> **Data excerpt**:
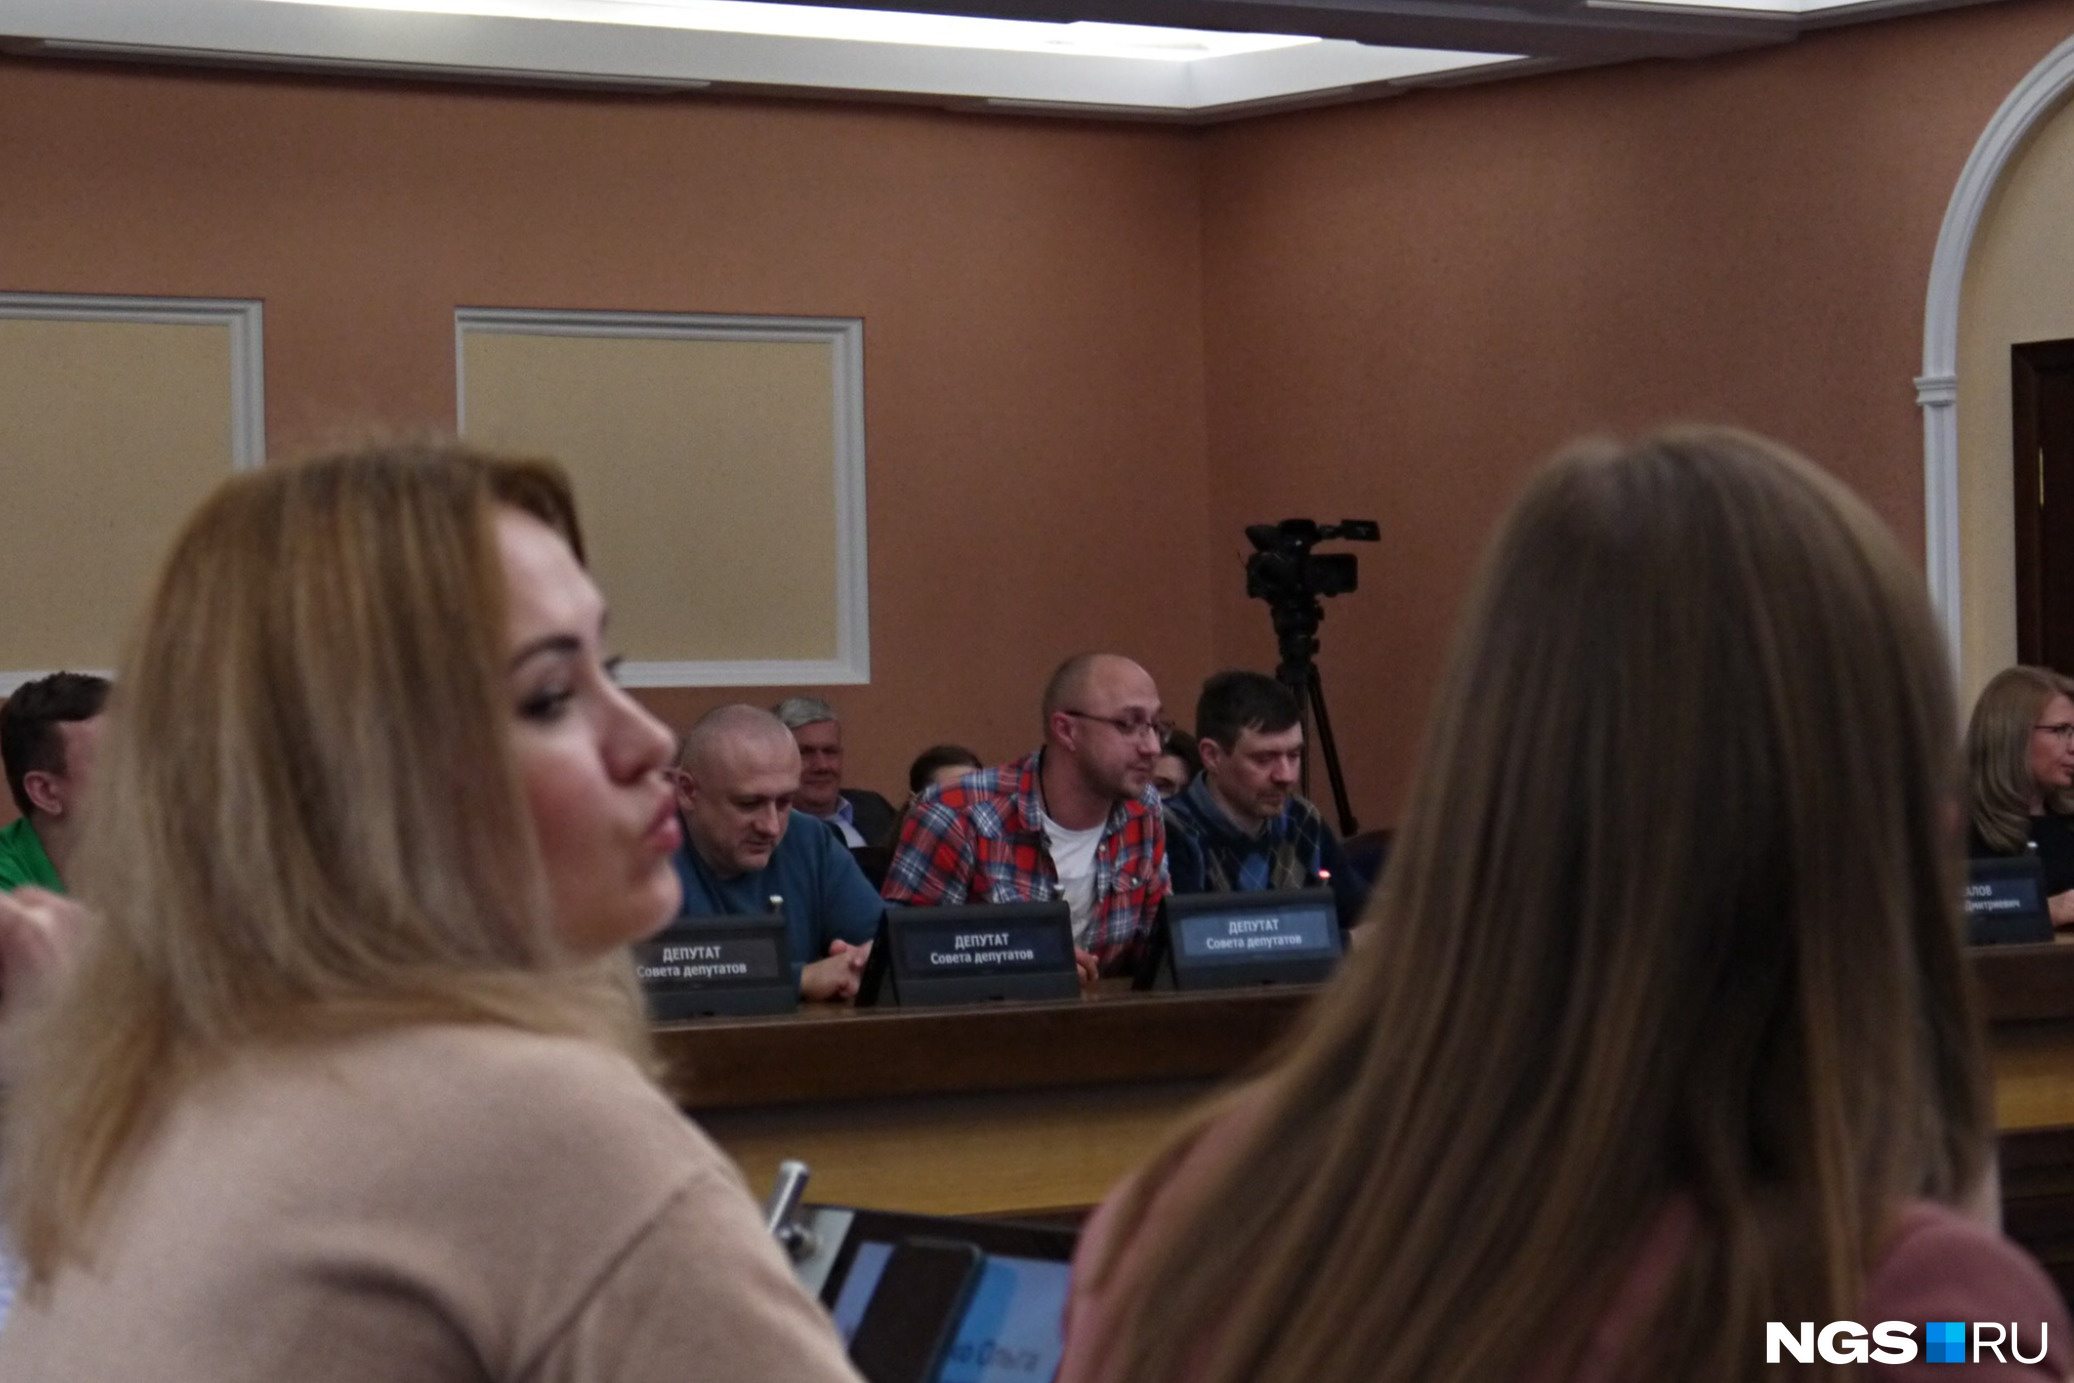 Общественник Алексей Носов (в центре) смог зажечь аудиторию
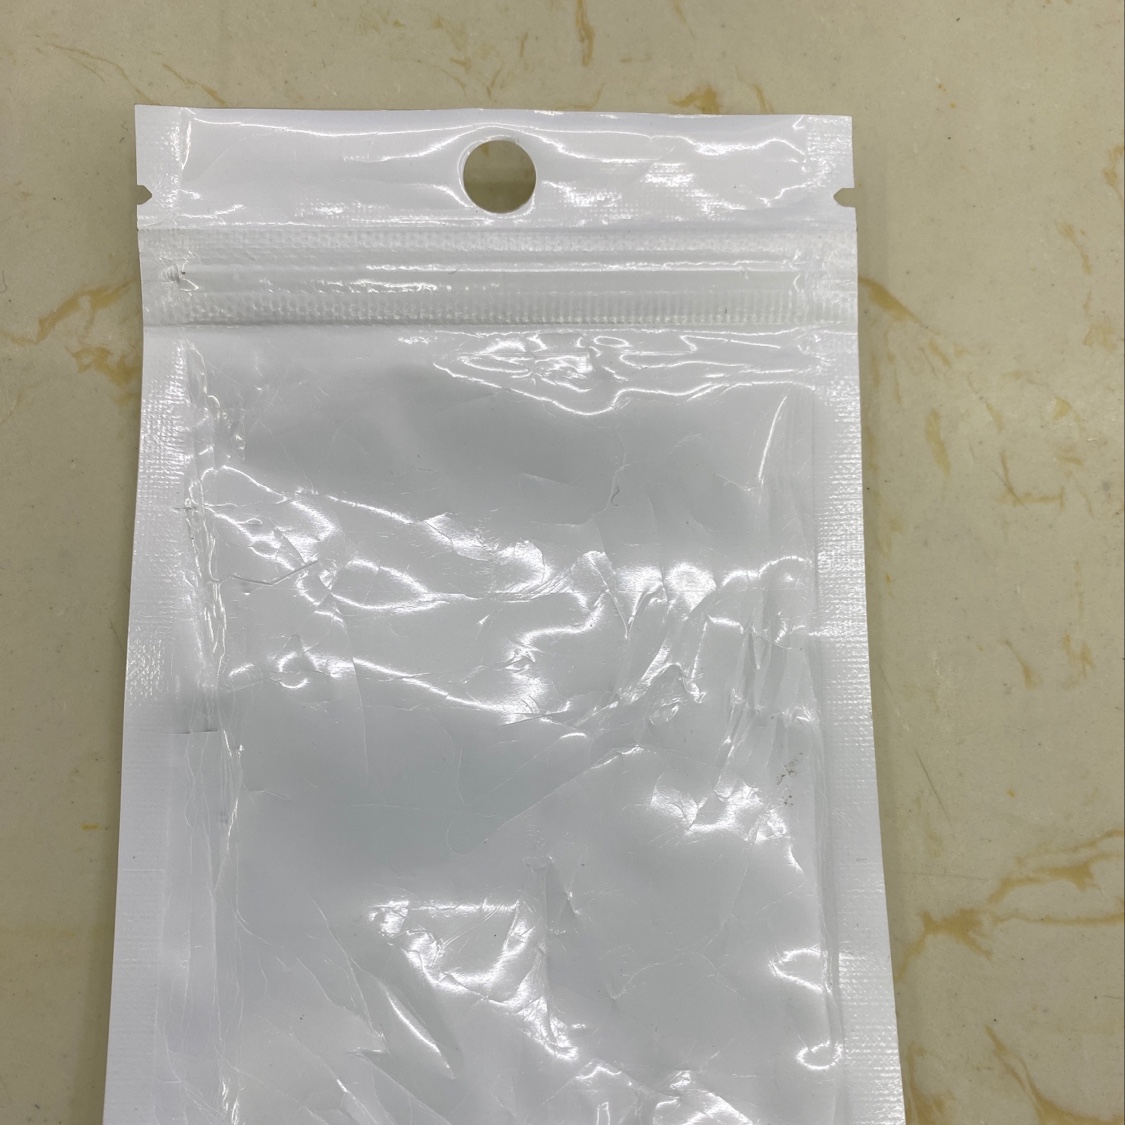 塑料膜其他塑料包装材料11*16珠光拉链阴阳包装袋详情图1
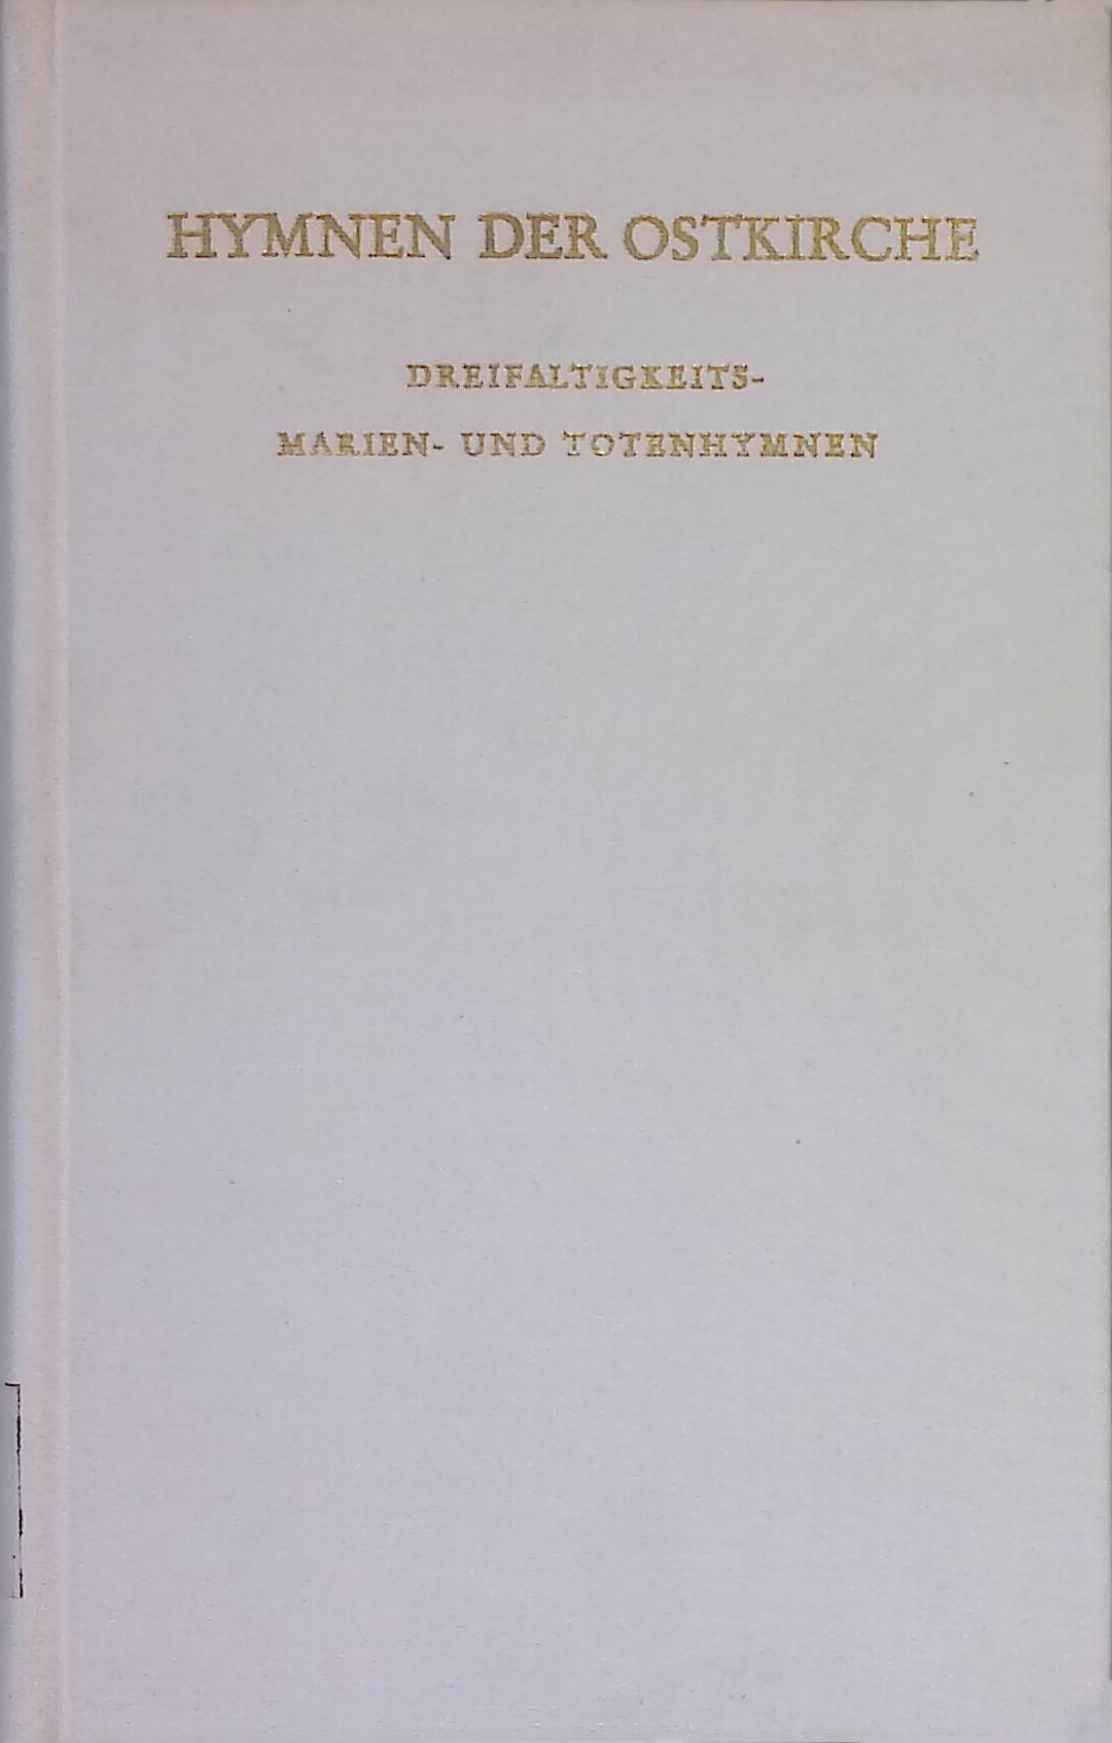 Hymnen der Ostkirche : Dreifaltigkeits-, Marien- u. Totenhymnen. - Kirchhoff, Kilian und Chrysologus Schollmeyer

> **What is being asked**: Set down the data exactly as it appears, without any images.

> **Solution**:
 Общественник Алексей Носов (в центре) смог зажечь аудиторию
 塑料膜其他塑料包装材料11*16珠光拉链阴阳包装袋详情图1
 Hymnen der Ostkirche : Dreifaltigkeits-, Marien- u. Totenhymnen. - Kirchhoff, Kilian und Chrysologus Schollmeyer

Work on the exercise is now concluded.